My theme of soldiers and the military is still alive and
well in Wales. My host Will is ex Marine and his partner Fran is currently
contracted to teach diving to the military. There is a large base here.
Did I suggest in my last blog that this was a peaceful
place? It is not. It is like
living in a war zone and I don’t say that lightly. Fighter planes keep screaming overhead – not just
ours but French, Dutch and other NATO countries too. They have been going for
an hour already and its only 9.30am.
Castle Martin is a weapons, tanks and
targeted bombing training range that is active for 44 weeks of the year. It is
one of the few places in Europe where they can practise sea to land and land to
sea target training.
This morning I went to visit the Stackpole Estate Walled
garden which has been leased to Mencap by the National Trust so that adults
with learning difficulties can learn gardening skills in a safe environment.
I sat in the cafe chatting to a retired driving instructor
who was there for a cup of tea, as another fighter plane flew over us, effectively preventing us from hearing one another until it had passed.
“It only takes the French twenty minutes to get back to
France from here” he told me.
“How do you all cope with
that noise?
“No choice,” he replied. “We get used to it, planes and the
machine gun fire and the bombing. And we
do get August off.” And he laughed.
I doubt I would get used to it if I lived
here, but then again I remember my mother living in Horley under the Gatwick
airport flight path and she didn’t seem to hear that.
The garden was growing well. Mostly fruit and vegetables
that they sell in the shop.
A flurry of very excited infant school children clutching
plastic punnets arrived to pick their own strawberries as I was leaving.
Will had told me that there was little point my travelling
along the coast for much of the Pembrokeshire national park as I would not be
able to see anything. Instead he suggested that I take the country route and
visit Laugharne the home of Dylan Thomas.
The roads were traffic free and over hill and down in the
valley. As enjoyable a journey as yesterday.
For at least an hour I saw just two tractors and I was only
stopped once by the council, ‘shaving’ back
the hedgerows on the very narrow roads.
The boathouse at Laugharne was where Dylan Thomas, the
famous Welsh poet lived with his wife and children for the last four years of
his life.
I could totally see why he so loved to live in this spot as a writer. On the river Taf it was calm and quiet, and very beautiful. My mum was a bit of a writer, she referred to her poems as doggerel rhyme, but they were better than that really. In her latter years, while living in the care home, she wrote a murder mystery party. I scattered some of her ashes over the wall onto the beach by Dylan Thomas’s house.

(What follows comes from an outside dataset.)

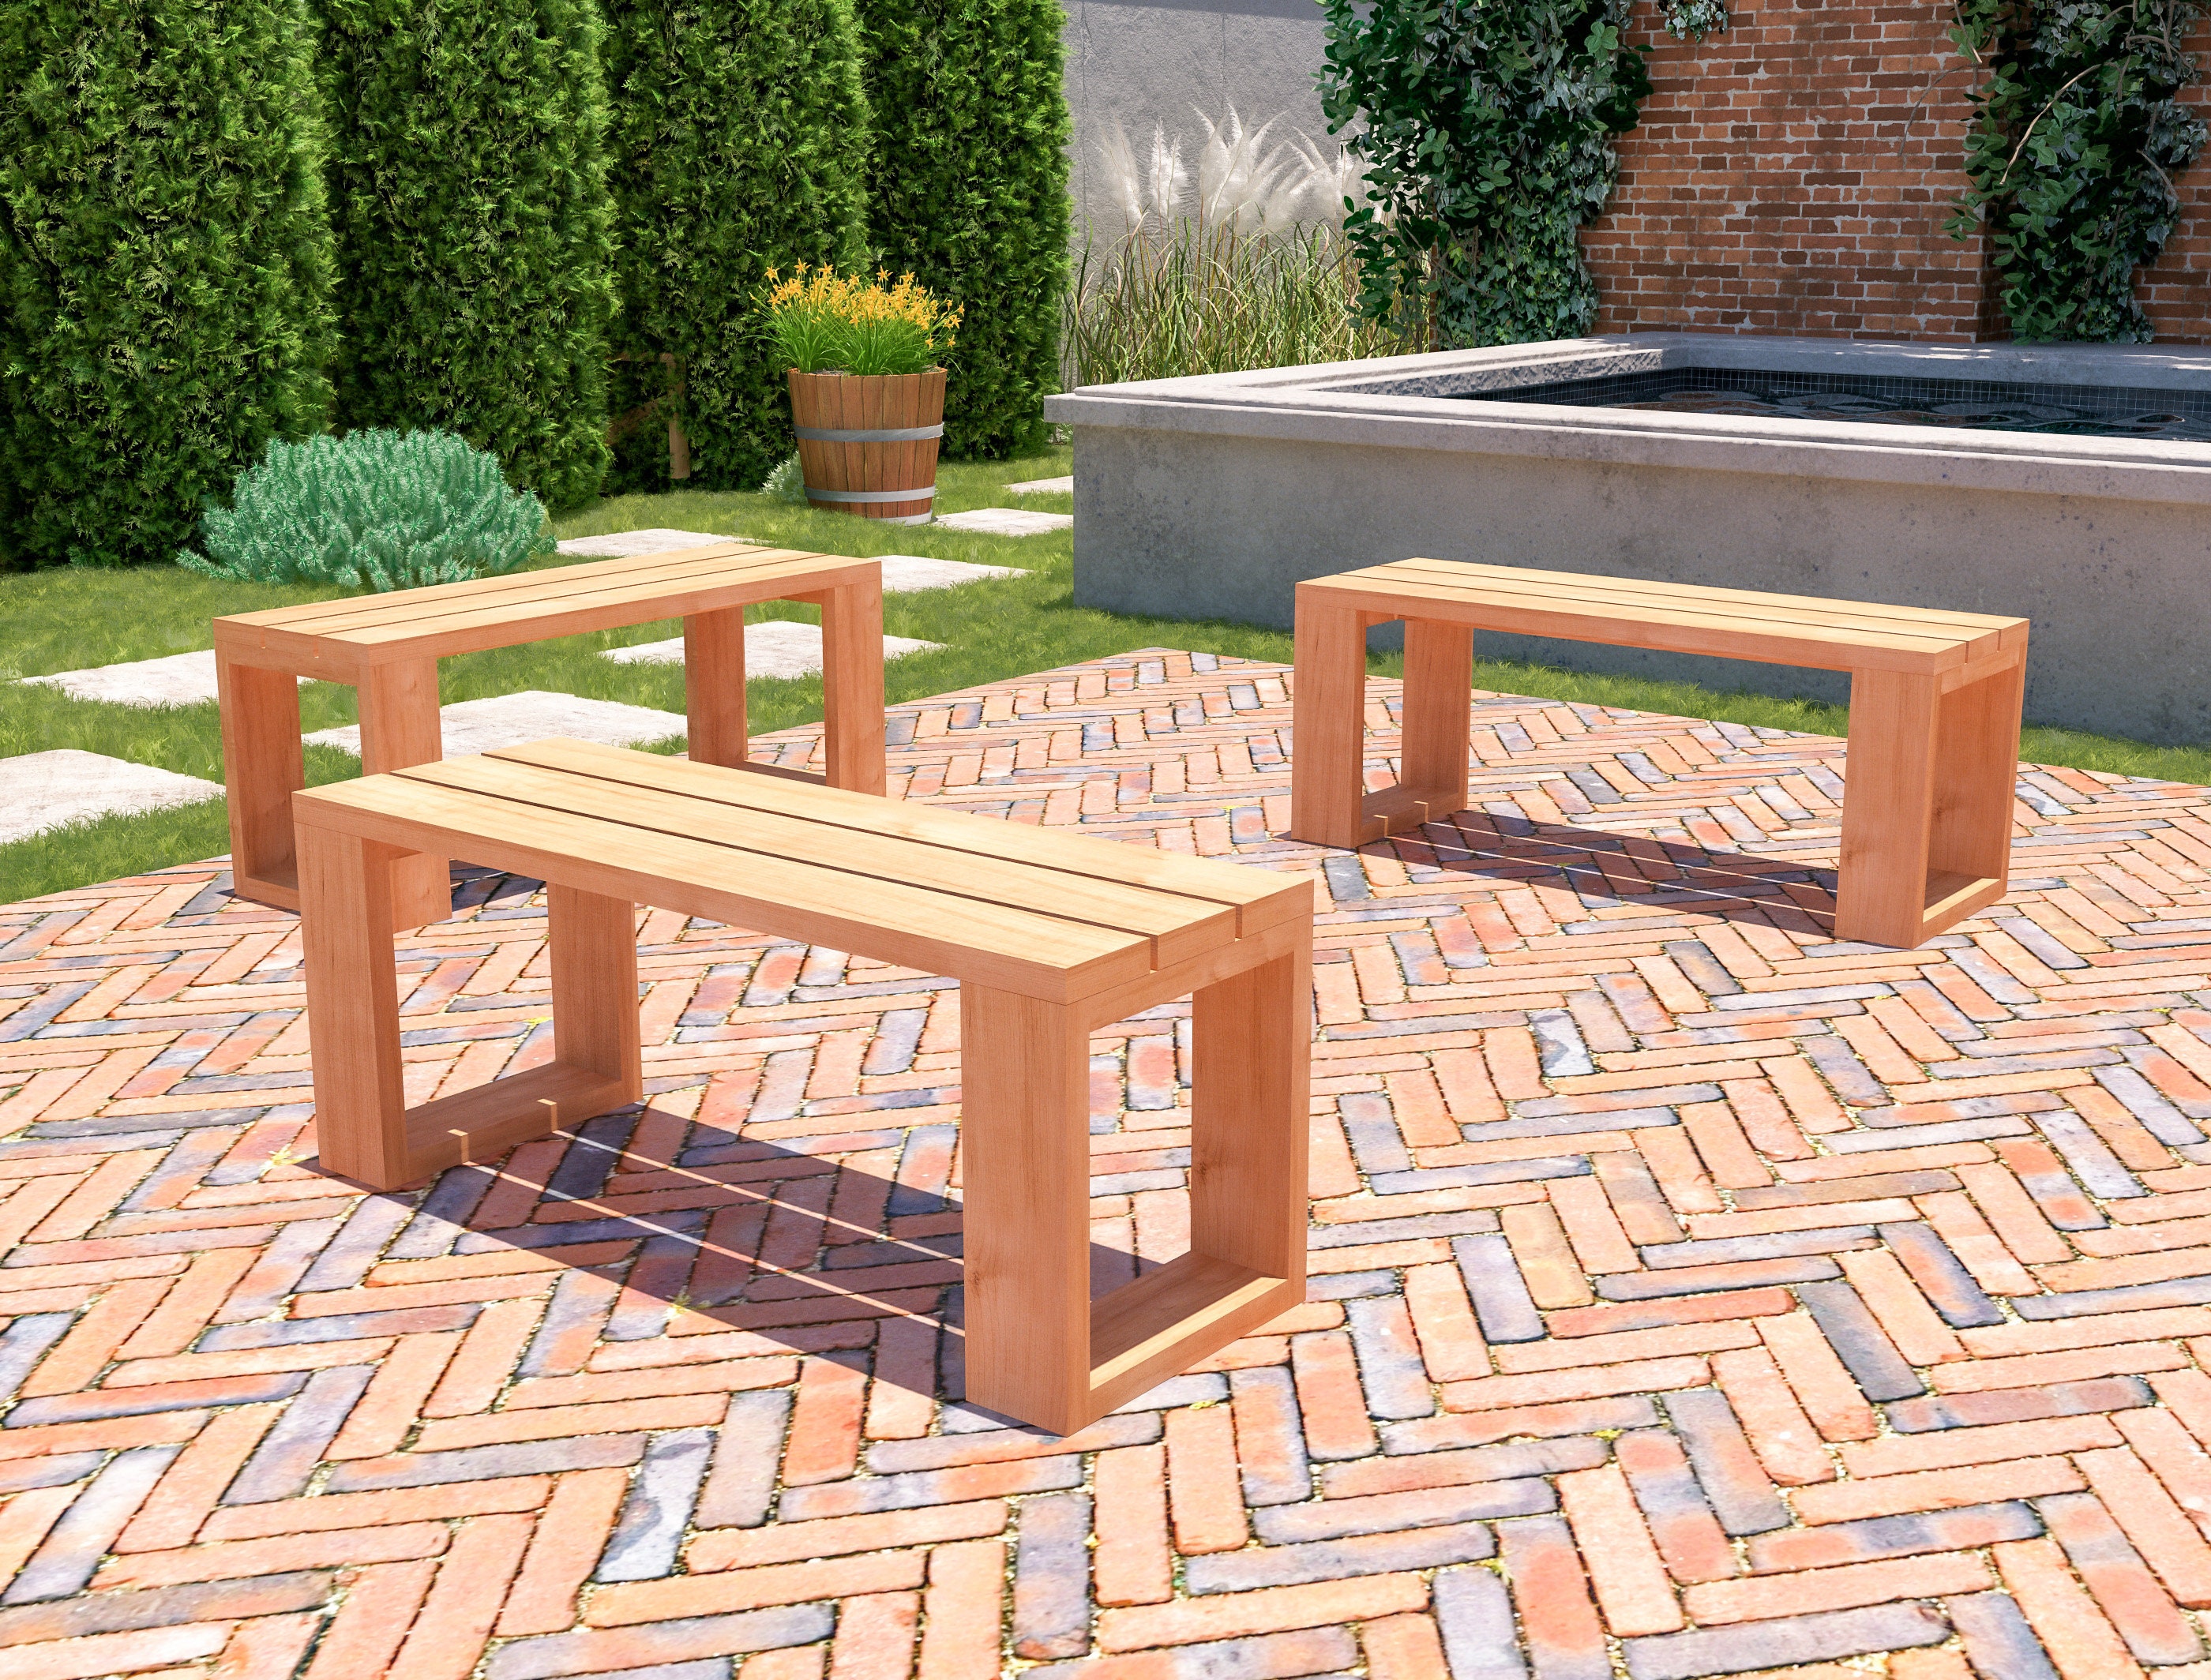 DIY 2x6 Outdoor Bench w/ Back Plans » Free Plans
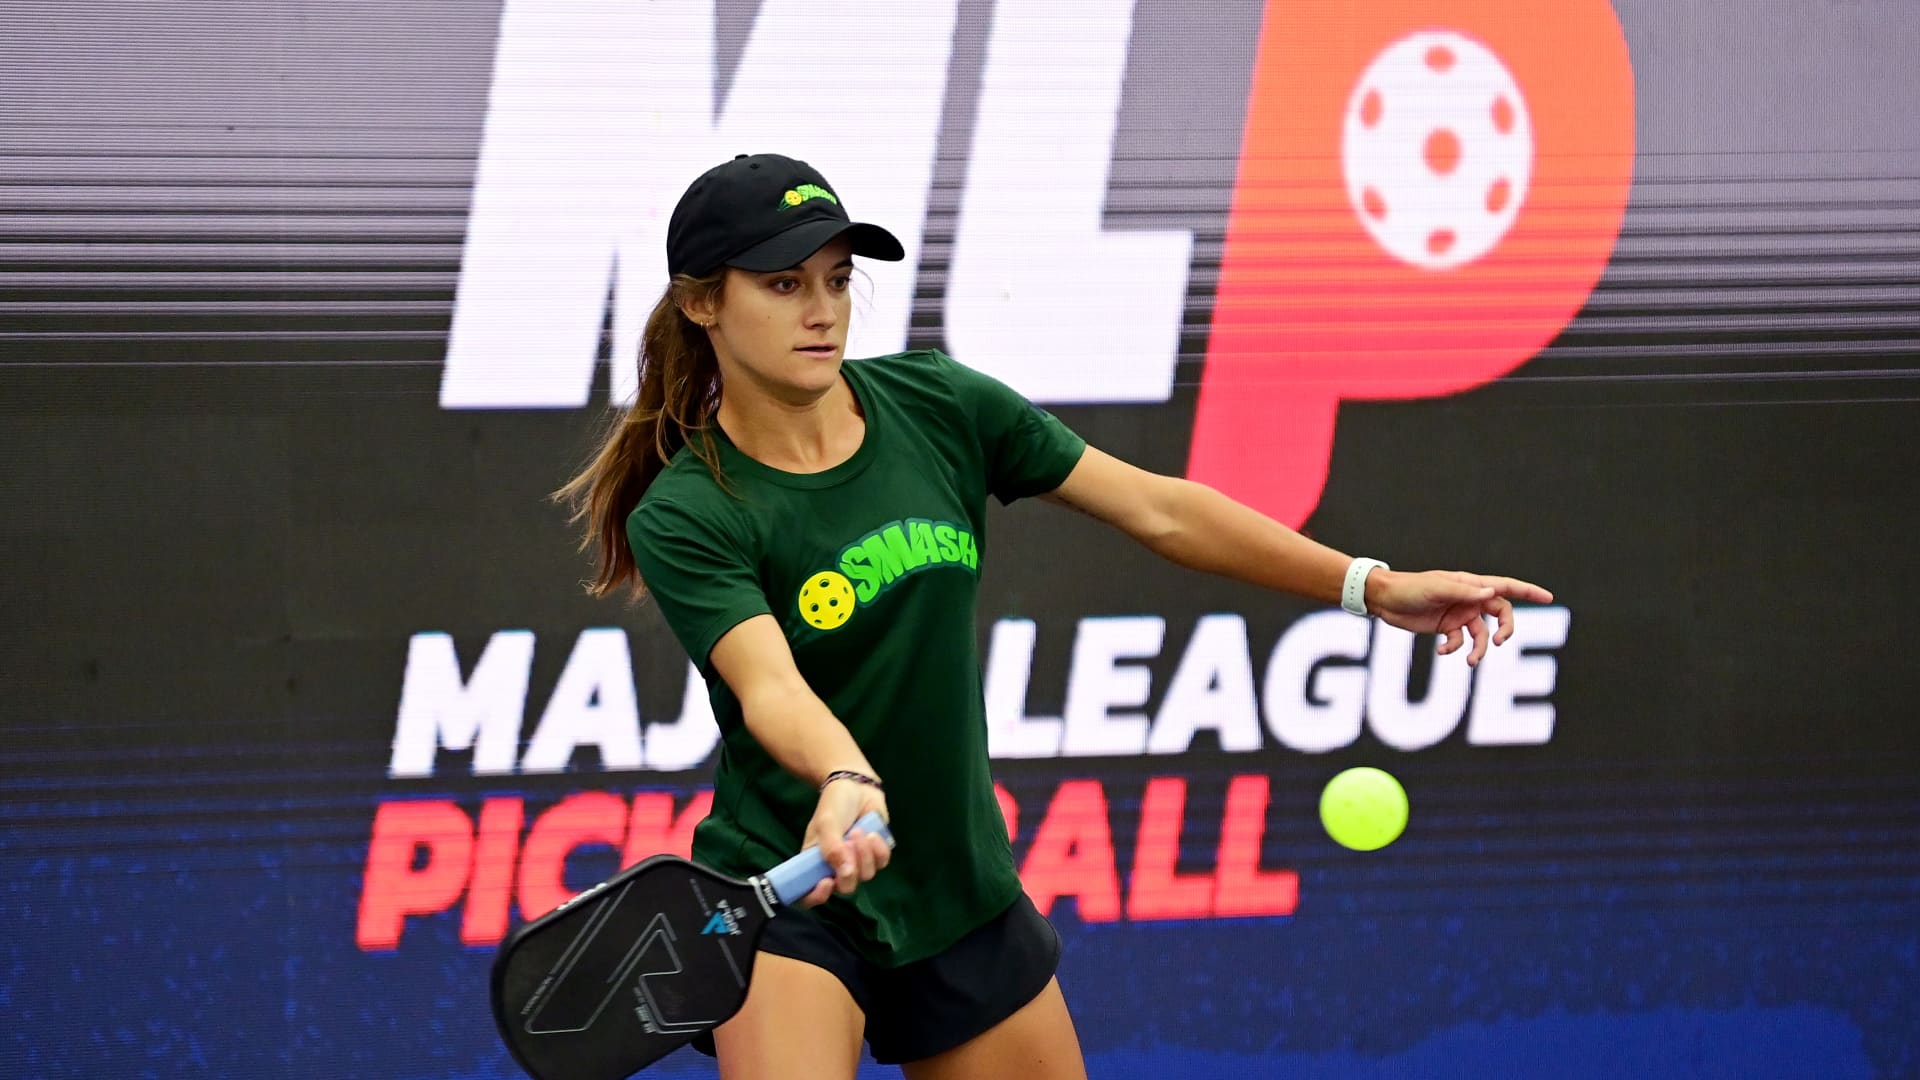 Major League Pickleball and PPA Tour complete merger

I could totally see why he so loved to live in this spot as a writer. On the river Taf it was calm and quiet, and very beautiful. My mum was a bit of a writer, she referred to her poems as doggerel rhyme, but they were better than that really. In her latter years, while living in the care home, she wrote a murder mystery party. I scattered some of her ashes over the wall onto the beach by Dylan Thomas’s house.
This building near the boat house was actually the garage...
But he used it as a writing room away from the distractions of family and from where he could slip away to the village pub! One of his most famous poems Under Milk Wood was written here, probably about the residents of the village. A trust looks after it now www.dylanthomasboathouse.com
But he used it as a writing room away from the distractions of family and from where he could slip away to the village pub! One of his most famous poems Under Milk Wood was written here, probably about the residents of the village. A trust looks after it now www.dylanthomasboathouse.com
I had a nice lunch in the cafe and the curator of the house
told me Carmarthen library would let me use their WIFI and my own computer.
They had no health and safety qualms so I went there to post my blogs and
photos before getting back on the road and heading for Cardiff.
Port Talbot outside Cardiff has been in the news a lot
recently as it is the current home of Tata Steel and you can see how
industrialised the area is for miles along that bit of the coastline.
For most of today I had been travelling on virtually empty
roads, but as I approached Cardiff that changed and suddenly out of nowhere there
were hundreds of cars, bonnet to bumper. Anyone might have thought that someone
had let them all off work early to watch a crucial football match or something.
Oh – they have! Tonight Wales meet Portugal in the semi final
of the European Cup 2016.
I arrived in Cardiff and my new hosts, retired head teachers
Frank and Anne Rees, suggested that since the whole country would be glued to
their TV sets it would be a good opportunity for me to get in a bit of early
sightseeing of the capital city of Wales. There would be nothing on the roads.
I tried.
They were mistaken. I got nowhere near. The entire city was
out in force, wearing red, waving red and everywhere I looked police were
closing roads, the parks were becoming car parks and the excited crowds were
all heading into the centre of the city to share the moment.
I went back, had a bowl of soup and watched it on my laptop.
Didn’t they do well even if they did not win? Better by far
than England at any rate. Don’t you think that the teams should be paid on
results? I think the English team should forfeit that weeks wages to the NHS.